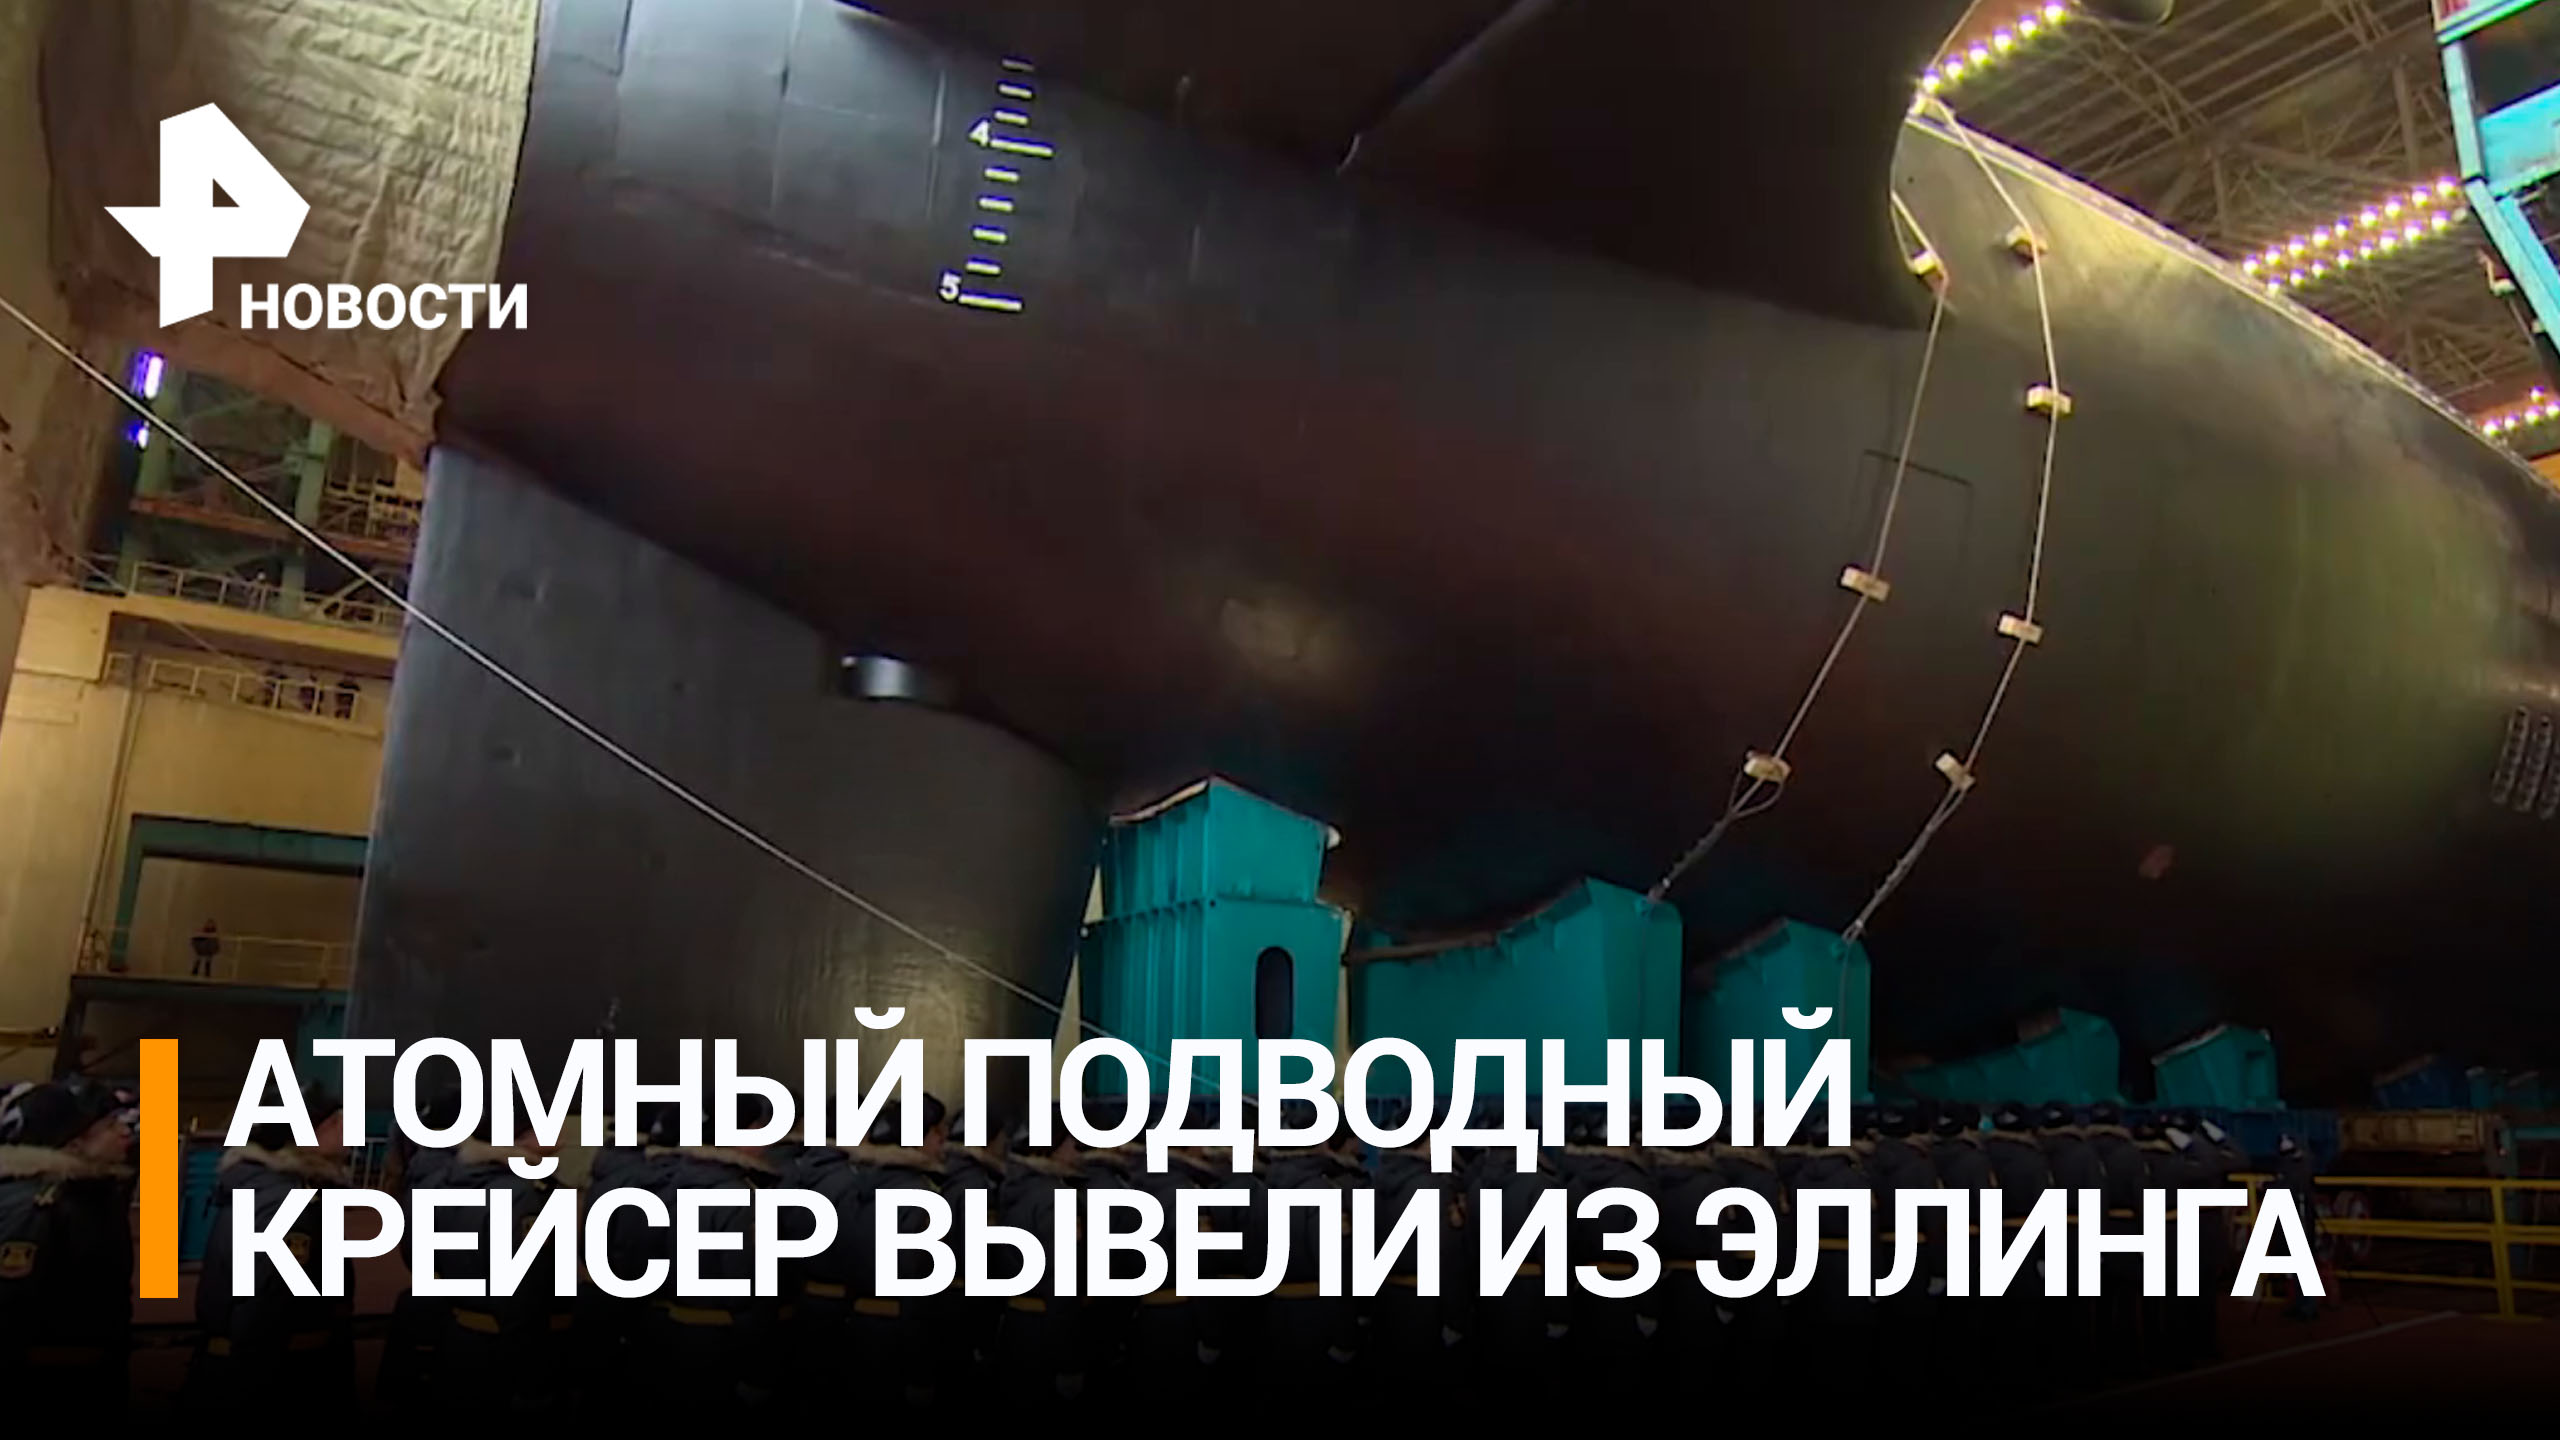 В Северодвинске вывели из эллинга подводный крейсер "Князь Пожарский" / РЕН Новости
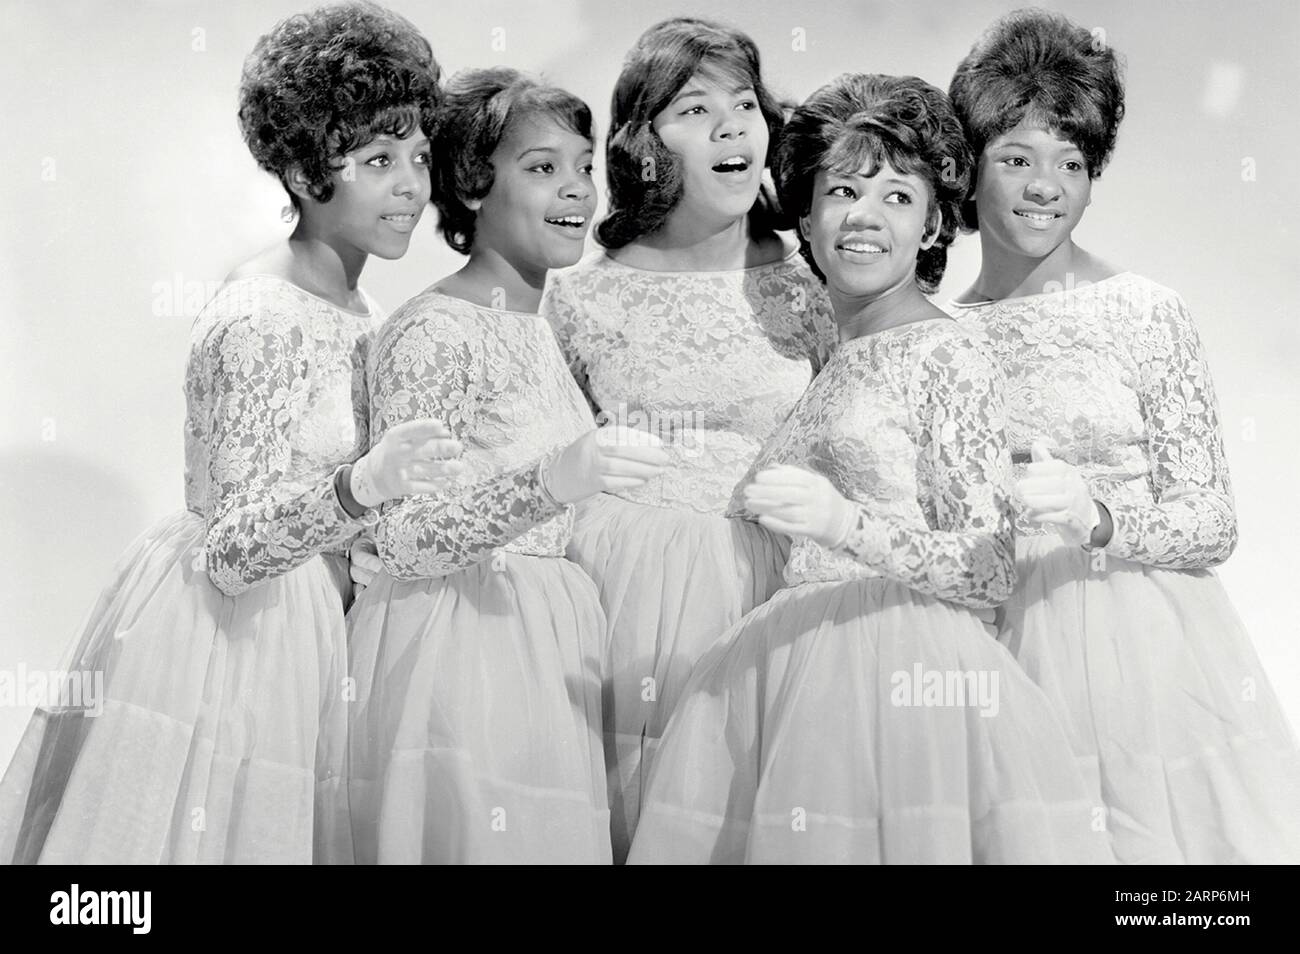 LA FOTO promozionale DEI CRISTALLI del gruppo vocale americano circa 1963 Foto Stock
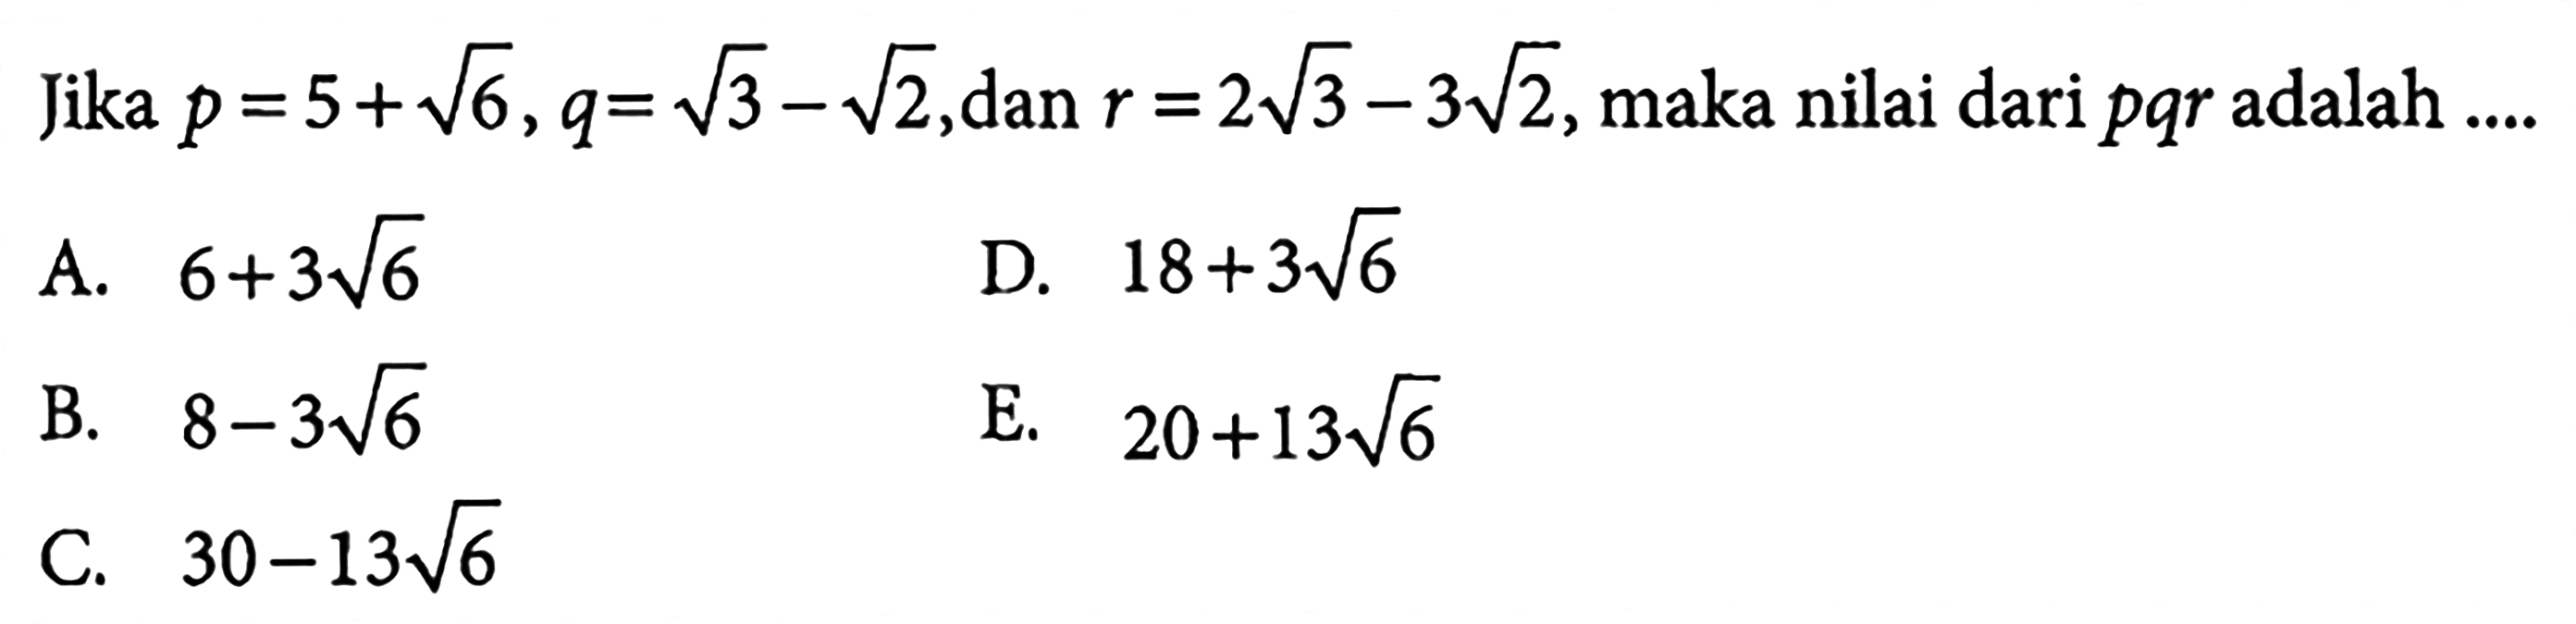 Jika p=5+ akar(6), q=akar(3)-akar(2), dan r=2akar(3)-3 akar(2), maka nilai dari pqr adlah ...

□ □ □

▶ About this exercise
The expected result is the complete listing above, printed exactly, with no pictures.

▶ Result of this task
 В Северодвинске вывели из эллинга подводный крейсер "Князь Пожарский" / РЕН Новости
 LA FOTO promozionale DEI CRISTALLI del gruppo vocale americano circa 1963 Foto Stock
 Jika p=5+ akar(6), q=akar(3)-akar(2), dan r=2akar(3)-3 akar(2), maka nilai dari pqr adlah ...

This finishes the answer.